Recorded data ▸
::::
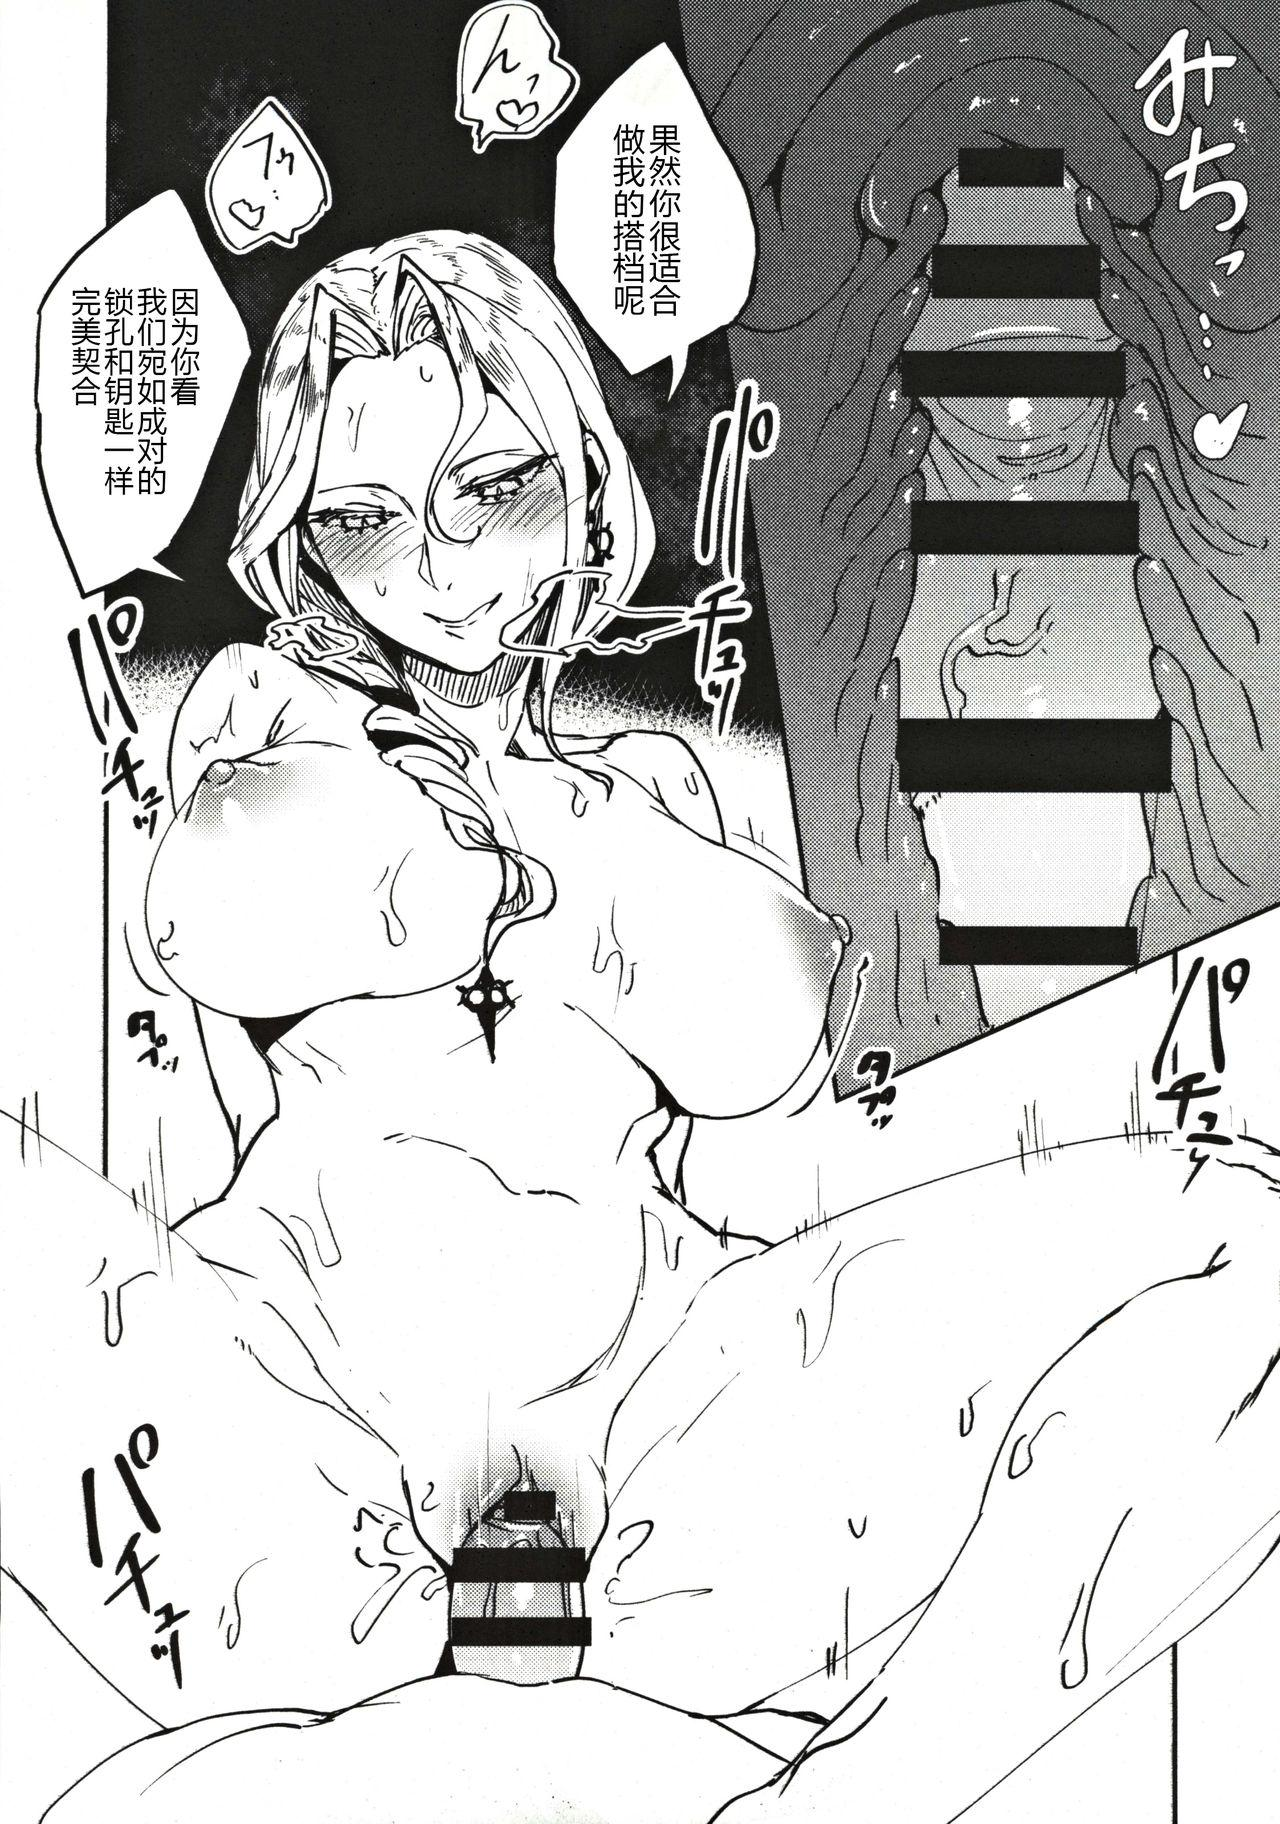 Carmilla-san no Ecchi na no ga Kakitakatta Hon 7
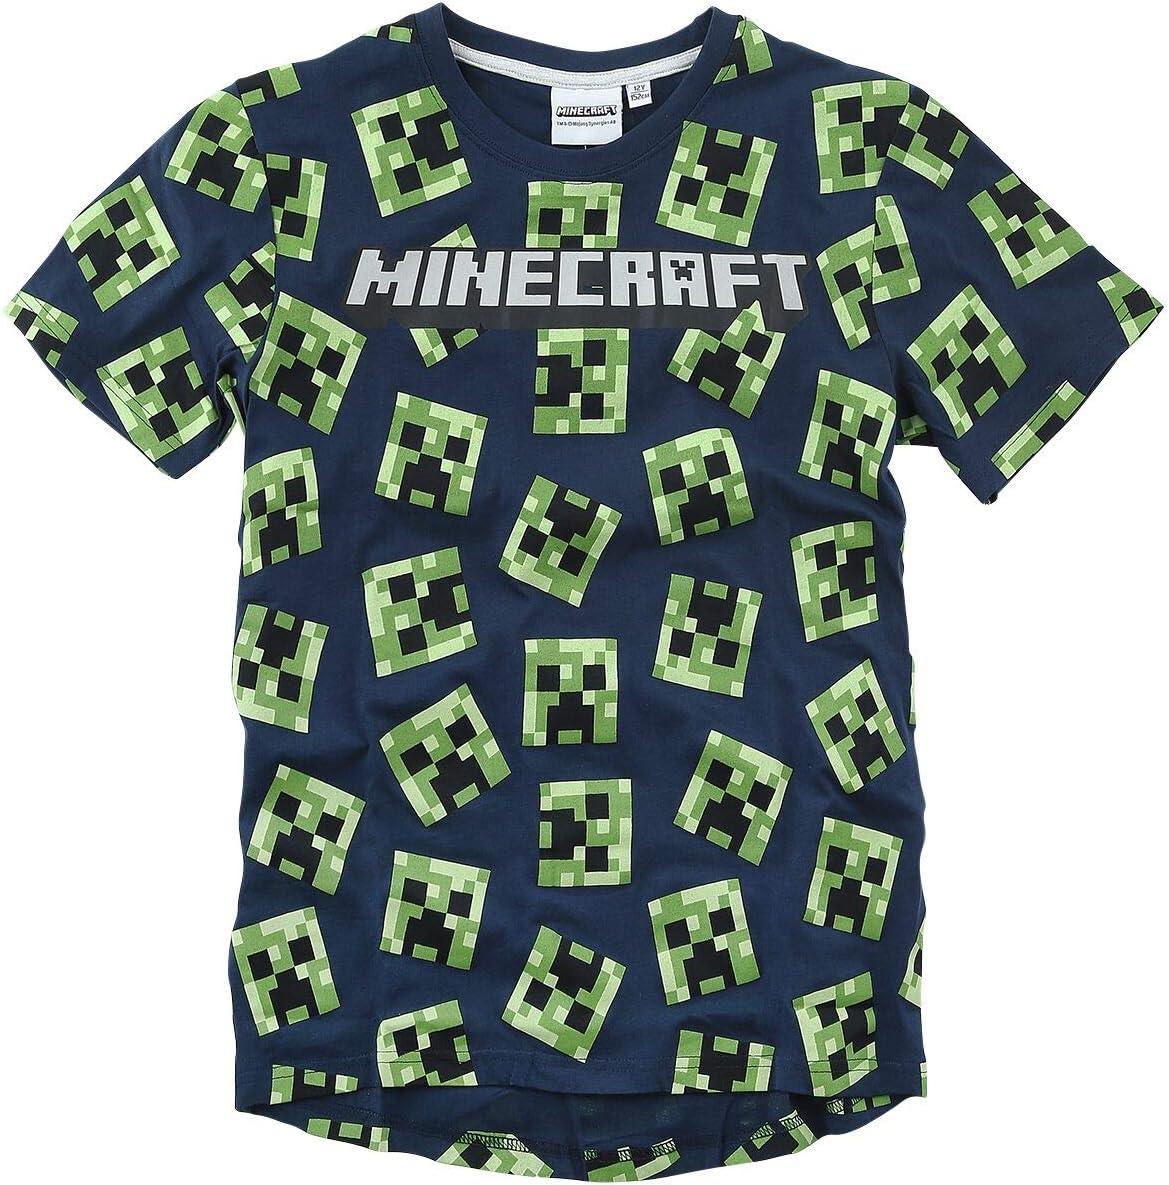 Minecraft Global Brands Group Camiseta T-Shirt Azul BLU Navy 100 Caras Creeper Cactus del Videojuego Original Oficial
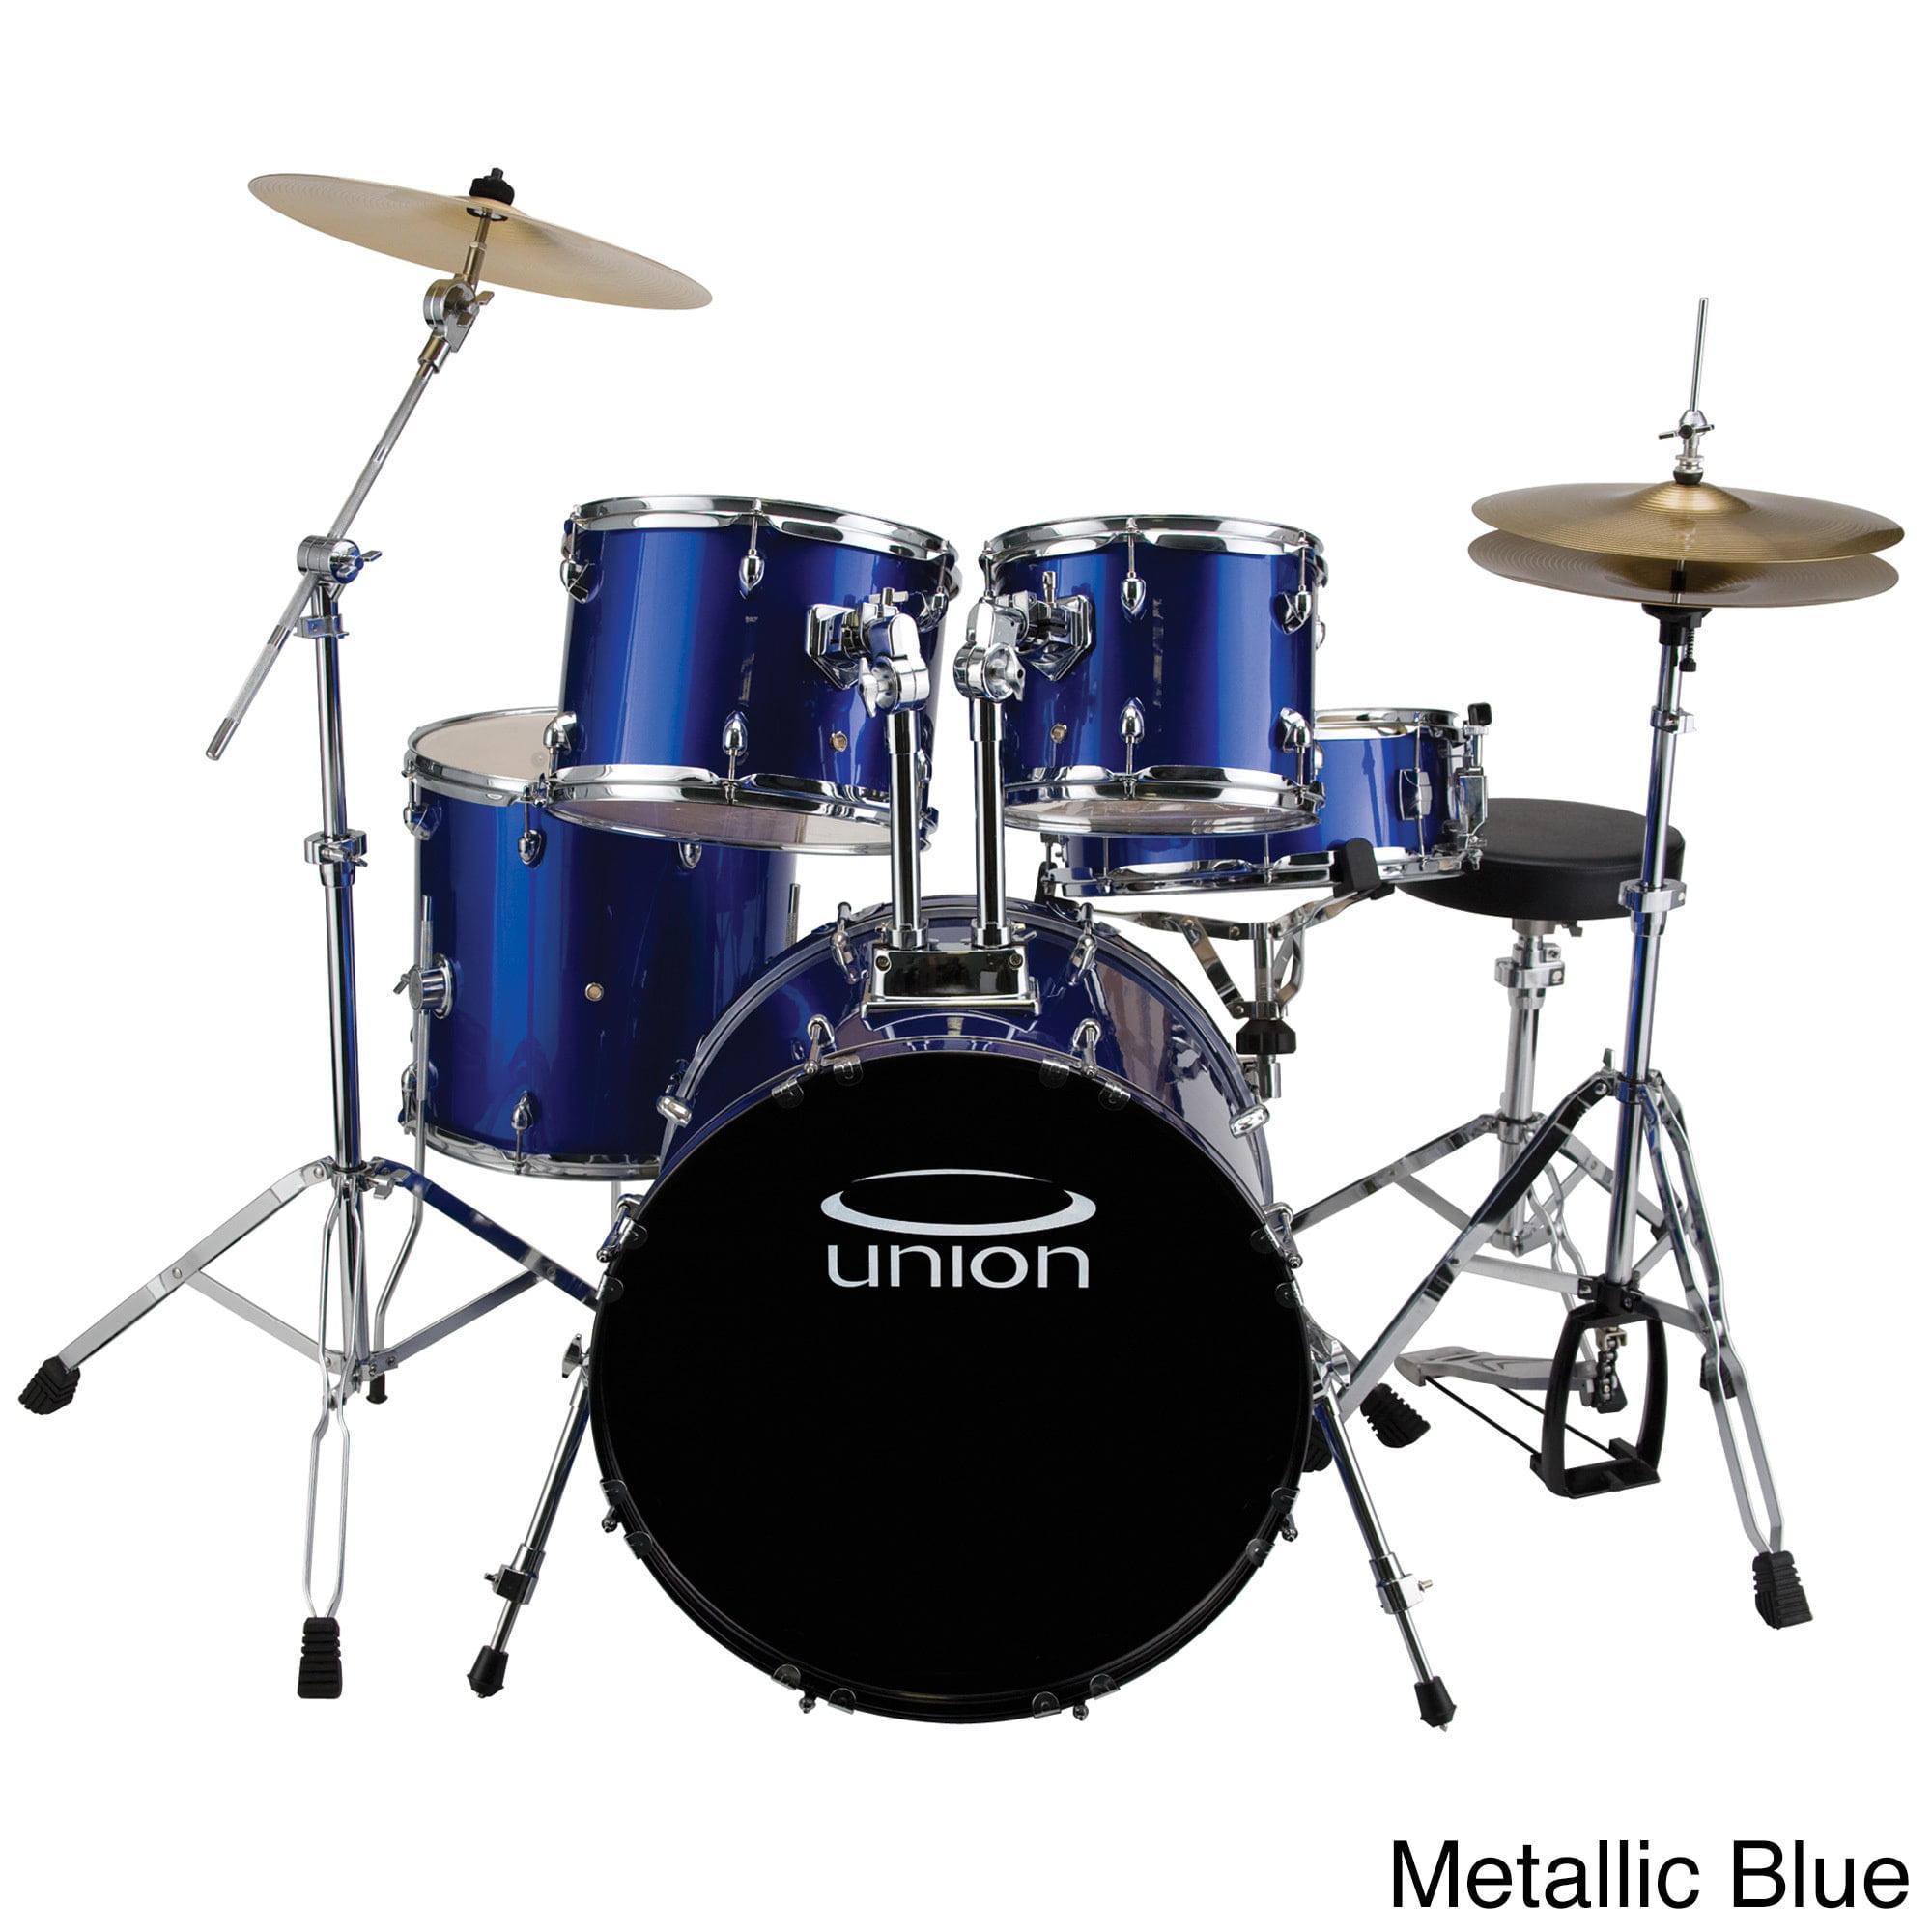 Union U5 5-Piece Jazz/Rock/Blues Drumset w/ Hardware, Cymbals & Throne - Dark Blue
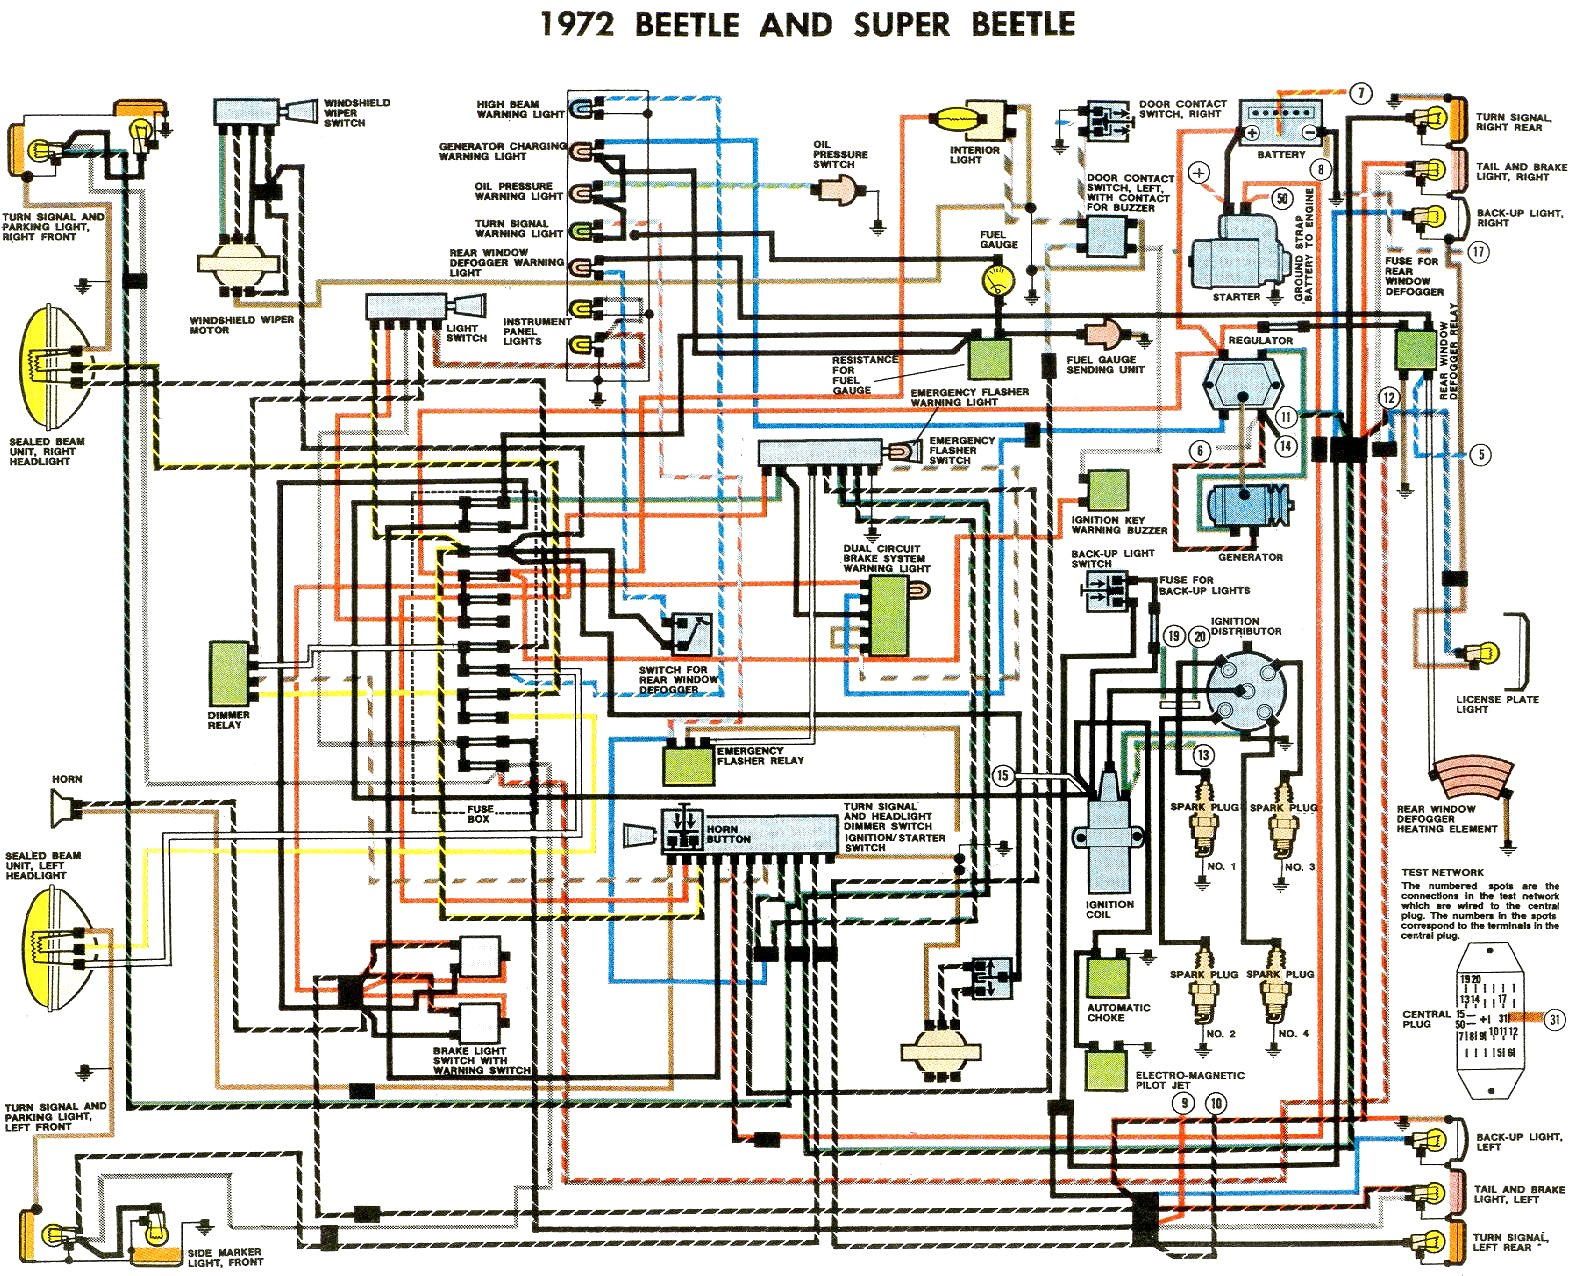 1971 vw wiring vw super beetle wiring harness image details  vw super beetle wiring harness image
::::
What is required ▸ Repeat verbatim all the material, but not the pictures.

Response box ▸
 Carmilla-san no Ecchi na no ga Kakitakatta Hon 7
 Minecraft Global Brands Group Camiseta T-Shirt Azul BLU Navy 100 Caras Creeper Cactus del Videojuego Original Oficial
 Union U5 5-Piece Jazz/Rock/Blues Drumset w/ Hardware, Cymbals & Throne - Dark Blue
 1971 vw wiring vw super beetle wiring harness image details  vw super beetle wiring harness image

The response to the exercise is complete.